"In this country of just 1.3 million people, there have been 160 murders so far this year. The islands have some of the world's prettiest beaches and some of the highest murder rates. Most are barely reported. Anyone who knows why Ms Seetahal was killed is not talking. She had been due in court on May 5, where she was a leading member of the prosecution team in a high-profile murder-and-kidnapping case. Ms Seetahal was a fierce campaigner for criminal justice reform, urgently needed in T&T. Creaky ex-colonial judicial systems cannot cope with a flood of drug- and gang-related crime, complex fraud and money-laundering. Routine criminal cases can take ten years to reach a verdict. For the slightest of reasons, hearings may be adjourned for six months or more; and then postponed again. Suspects languish in overcrowded prisons, innocent until proven guilty. Witnesses are intimidated, change their mind about testifying or simply forget what happened. Some are shot, some migrate, some die from natural causes."
–The Economist, May 6
I have not seen a nation heaving with a grief as big as this since 1990 when our people had a collective breakdown from which we have never recovered.After 1990, nothing was the same.
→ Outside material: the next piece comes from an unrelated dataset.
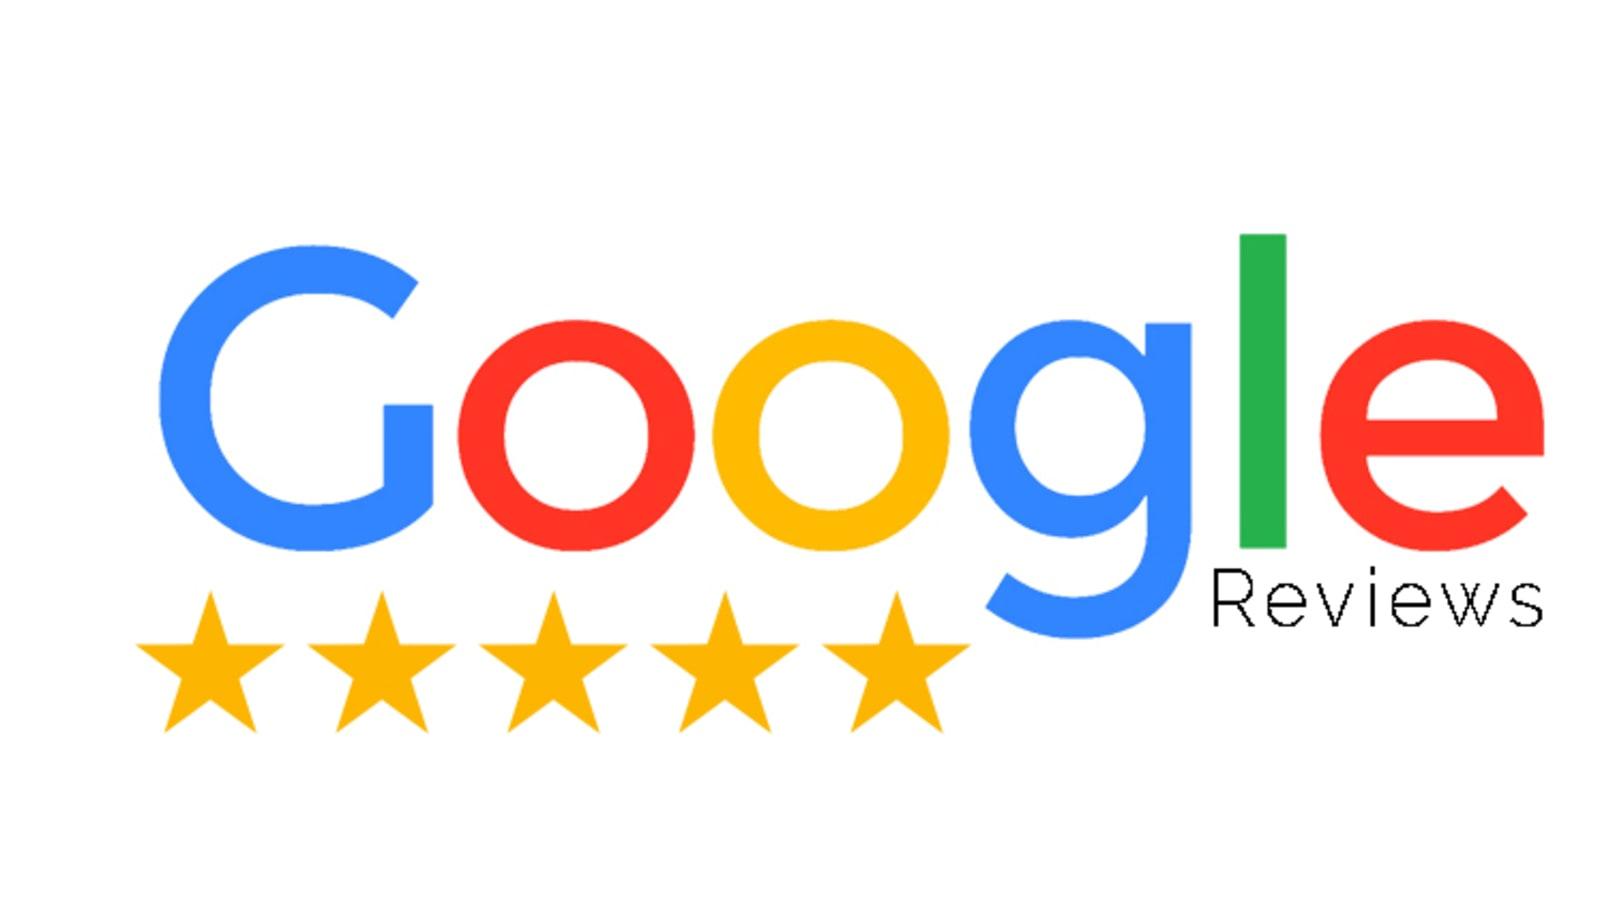 Google Reviews Entry Education

The guns scattered from "hit" to "hit," some higher profile than others. We can fill an entire issue of this newspaper, if we desire, with the names of the dead since 1990–and that may not be enough. It's time we remember some key ones.
1994: Dr Chandra Narayansingh shot dead while getting into her car outside the Langmore Health Foundation at Palmyra on June 29. People still speak of her beauty. But it was her brain that people wanted. Her hit man was identified; but although the trial dragged on and on, the people ordering the hit were not. That page is blank. We forget.